Mossad team lead terror investigation
A Mossad-led team of Israeli experts was carrying out sweeping searches in Mombasa today, after the two terrorist attacks on their countrymen.
Security officials were questioning 12 foreigners and trying to trace the vehicle used in a missile attack on an Israeli charter jet.
Kenyan and Israeli authorities sealed off the blackened shell of the Paradise Hotel hit by a suicide car bomb attack that killed 10 Kenyans, three Israelis and the three bombers on Thursday.
Israeli officials collected debris – including launchers and two missile casings – from the site where two missiles were launched about five minutes before the hotel blast, 15 miles north of Mombasa.
Israeli authorities appeared to be doing most of the evidence gathering, while Kenyan police assisted them. US security officials were also involved in the investigation.
“I’m happy with the way the investigation is going,” internal security and defence minister Julius Sunkuli told The Associated Press. “We are really trying to work hard to get more clues about the other car because we don’t think it has left Kenya.”
Police have found the registration plate for the vehicle used in the suicide attack, but it is not clear who owned the vehicle. There has been no progress tracing the vehicle used in the missile attack.
The two missiles streaked past a Boeing 757 Israeli charter aircraft owned by Arkia Airlines as it left the Mombasa airport bound for Tel Aviv.
Officials close to the investigation said it was likely that the rockets were Russian-made Strelas, a shoulder-fired surface-to-air missile.
Sunkuli said the missile launchers – which had been painted blue – were “most likely” Russian, but could be German or American.
Kenyan security said it appeared the missiles were fired by someone standing in a grassy gulch across a two-lane highway from the airfield. A white four-wheel drive vehicle had been parked at the spot about a mile from the airfield, police said.
The missiles narrowly missed being hit by the plane, carrying 271 passengers and crew members.
Police have detained 12 people for questioning, including an American woman, a Spanish man with resident status for the United States, six Pakistani men and four men from neighbouring Somalia, Sunkuli told reporters.
Deputy police commissioner William Langat contradicted earlier police statements by saying the Pakistanis and Somalis were detained immediately after the Thursday morning attacks. Police had said they were picked up yesterday.
The Somalis and Pakistanis arrived at Mombasa port in a leaking boat on Monday, Langat said.

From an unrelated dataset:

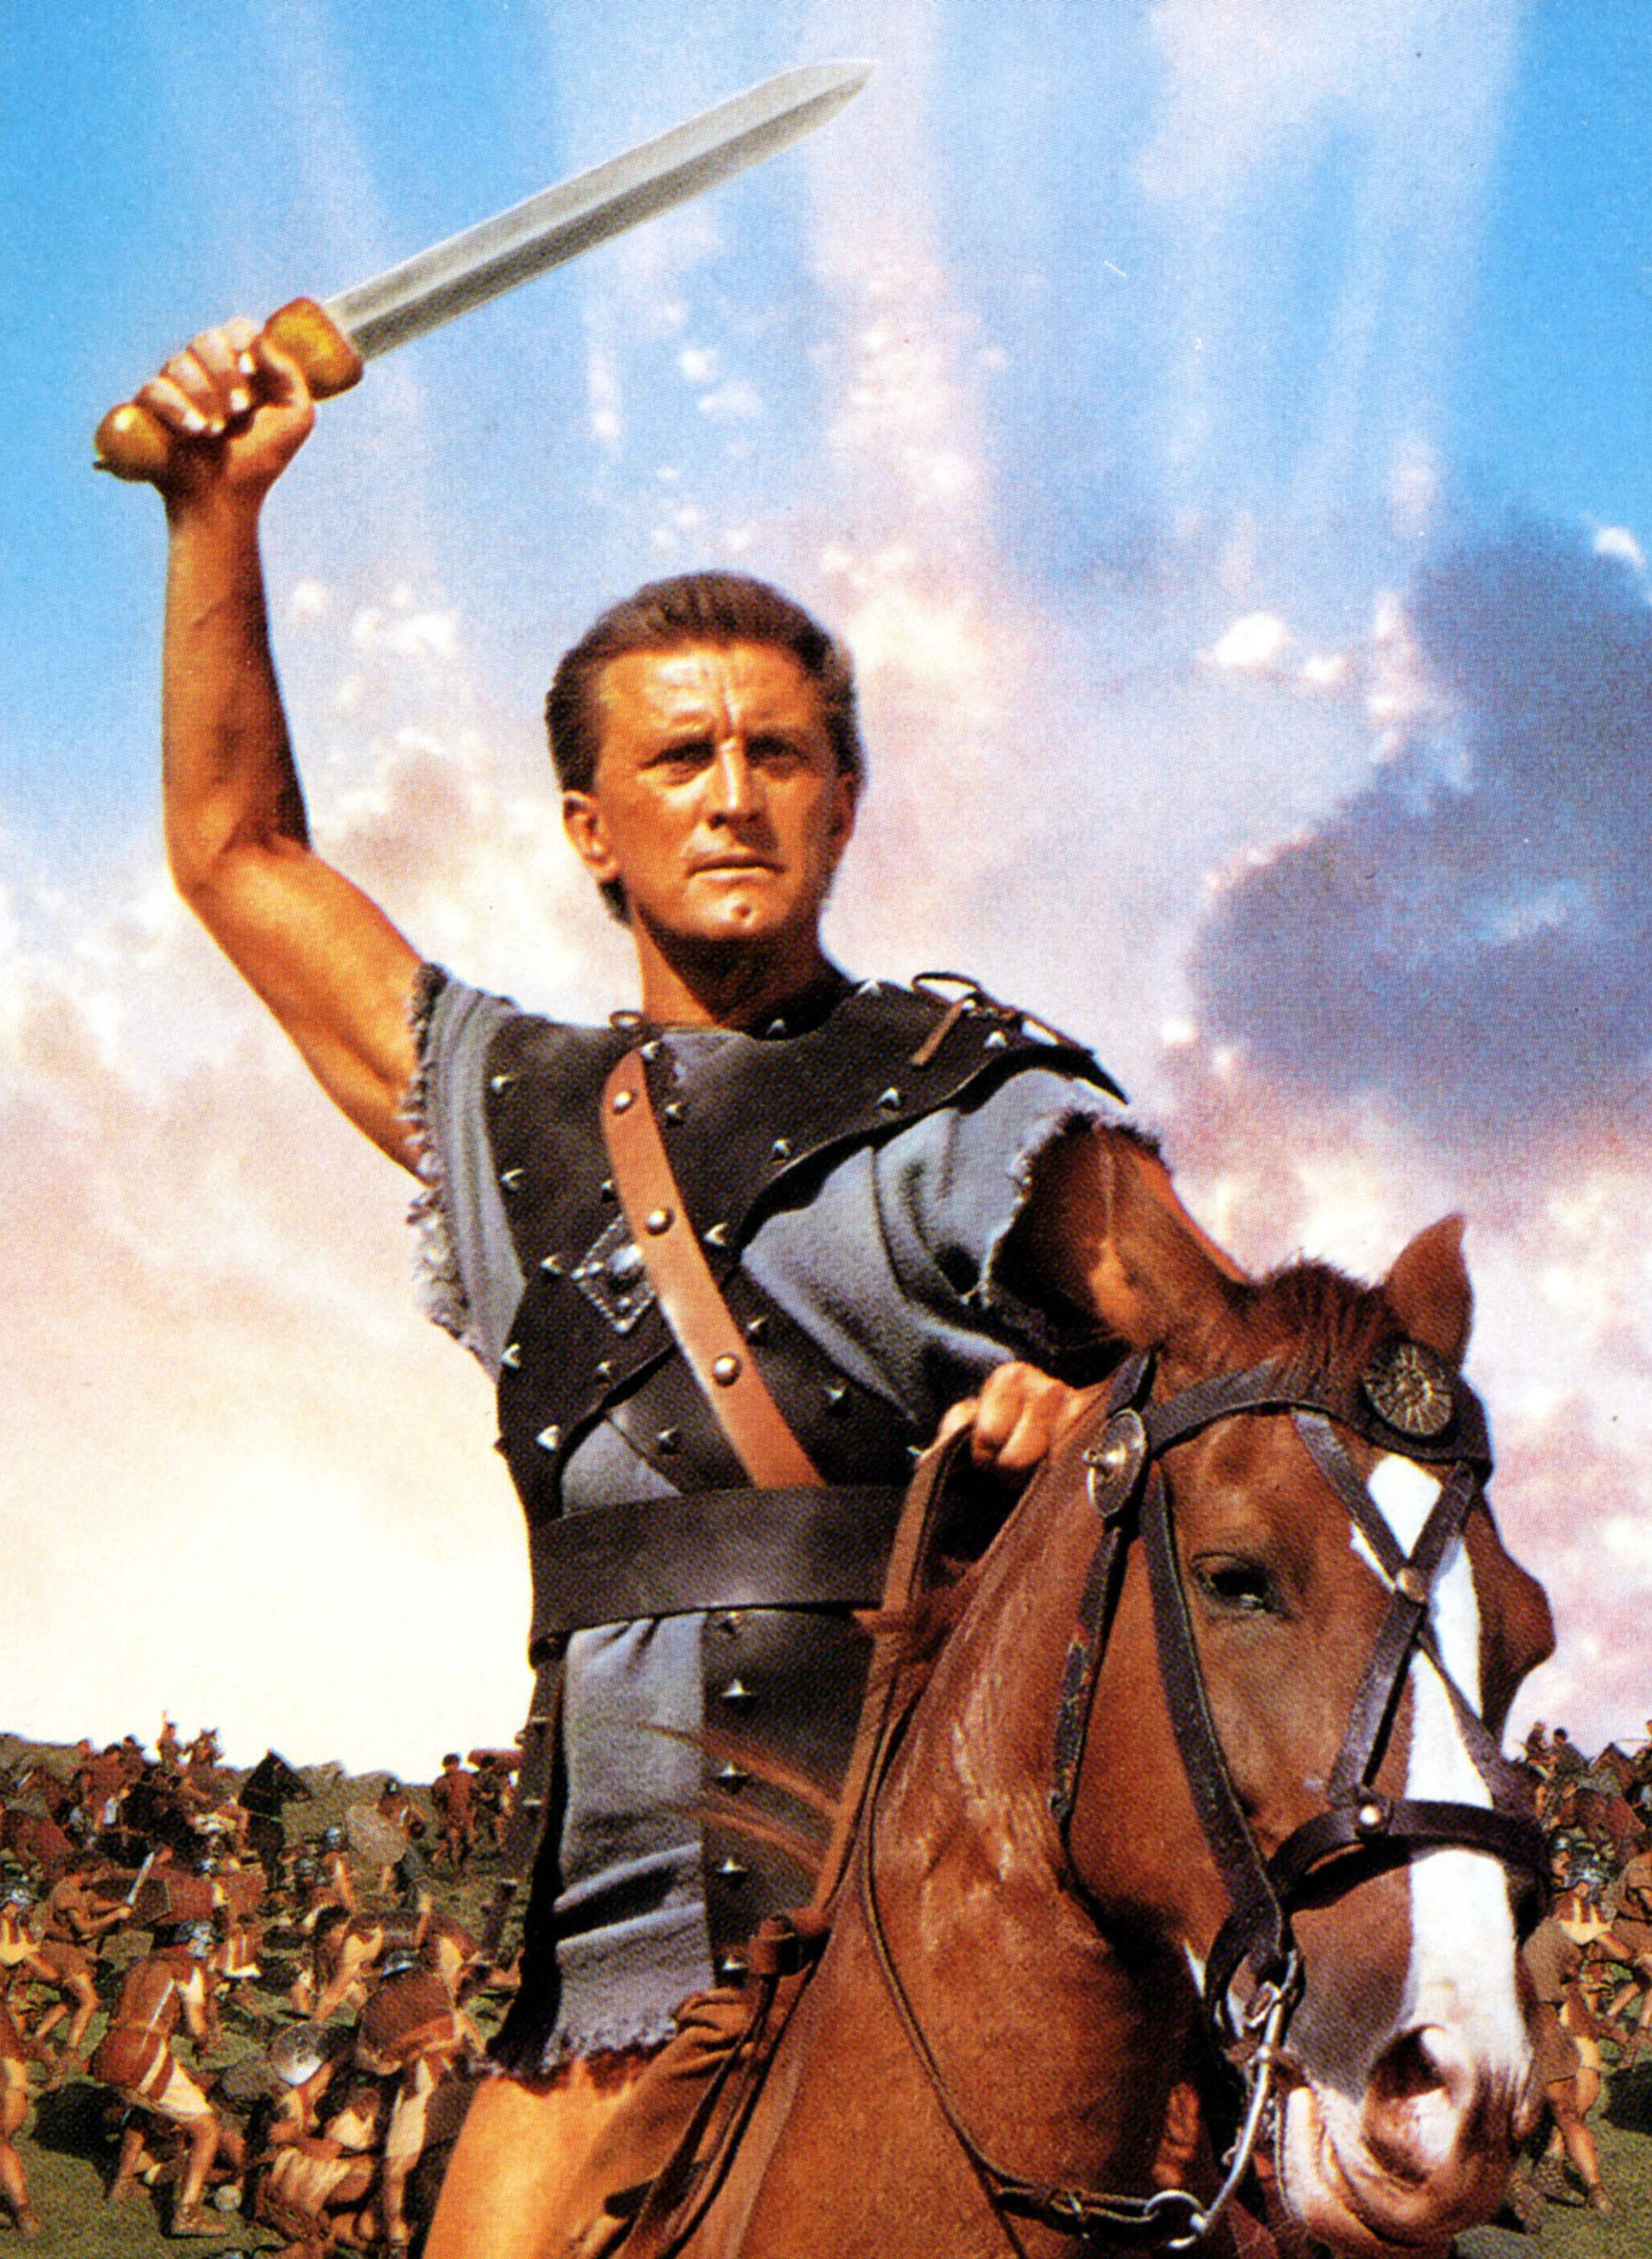 Kirk Douglas as Spartacus in 1960. (Mary Evans—Ronald Grant/Everett Collection)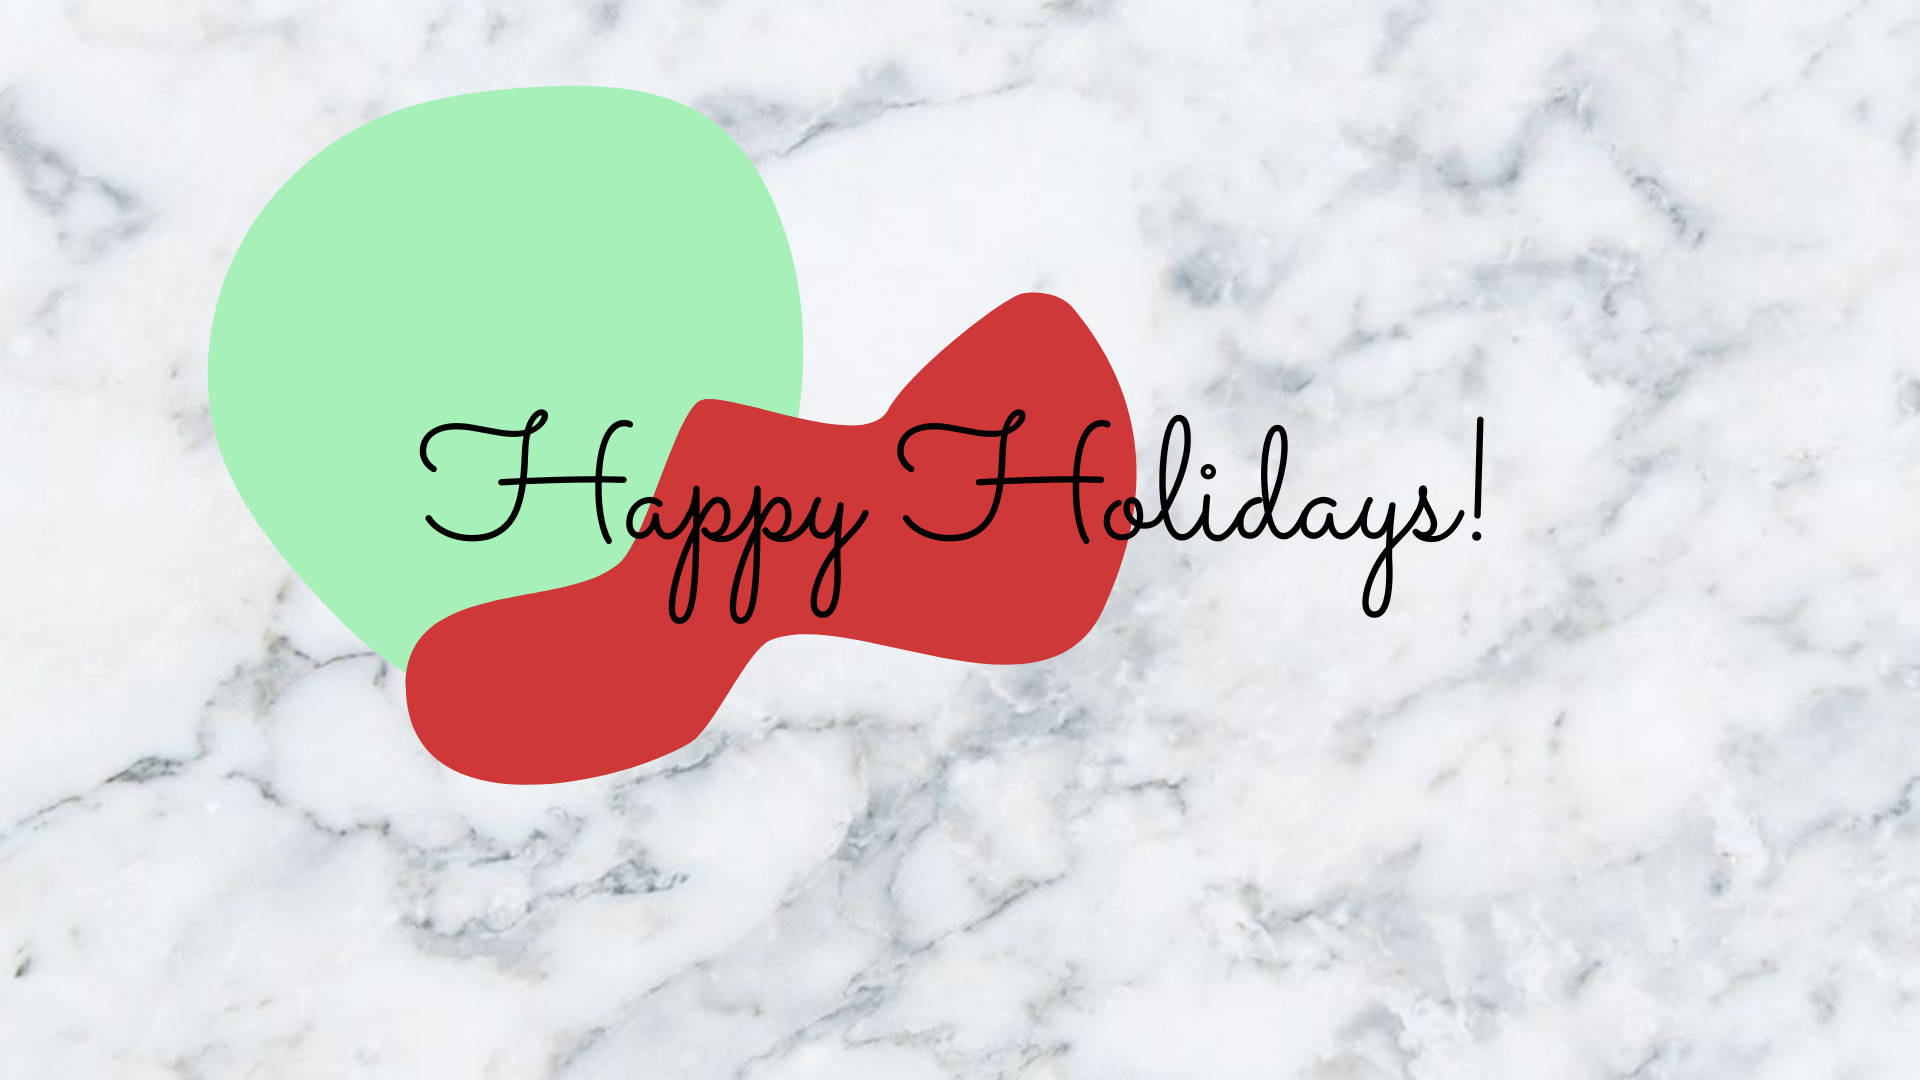 Holiday Greetings On White Marble Background

As far as police know, they did not leave the a dhow, a traditional wooden ship with a triangular sail, he said.
It was not clear where the men came from.
Sunkuli said he did not think the American woman, who used a Florida address when she checked into a hotel near the Paradise Hotel, and the Spaniard, believed to be her husband, were involved in the attacks.
“When they’re involvement is totally ruled out the police will release them,” he said.
Police had earlier said the Pakistanis and Somalis had suspicious documents, but Sunkuli said not all of them were travelling on false passports.
“These people are either connected directly or remotely. Some may not be connected at all,” he told reporters.
The previously unknown Army of Palestine has claimed responsibility for the attacks. But Palestinian officials denied that any Palestinian group was involved, and Kenyan and Israeli officials have said they suspect Osama bin Laden’s al-Qaida network was behind the attacks.
In Washington, initial suspicion centred on two groups: al-Qaida and al-Itihaad al-Islamiya, a Somali Islamic group suspected of having links to bin Laden’s network, a US official said. It is also possible the two groups were working together, the official said.
A wide array of weapons are available in Somalia, which has frequently been cited by the United States as a possible terrorist haven.
Al-Qaida has been blamed for the 1998 US Embassy bombings in Nairobi and Dar es Salaam, Tanzania, that killed 231 people and wounded more than 5,000.
“Kenya has been attacked by al-Qaida (before) so we cannot rule them out,” Sunkuli said. “Over the last six months Kenyan investigators have been following certain leads, (but) not particularly this one.”
The Israeli army has sent a team of 150 doctors, psychologists, and soldiers to Kenya’s Indian Ocean coast – a popular tourist destination.
Two of the Israelis killed were teenage brothers. Doctors said one was burned so badly he was identifiable only by his braces. All that remained of the other brother was part of an arm.
The mother of the dead boys was in a serious condition and an older sister was in moderate condition, Israeli officials said.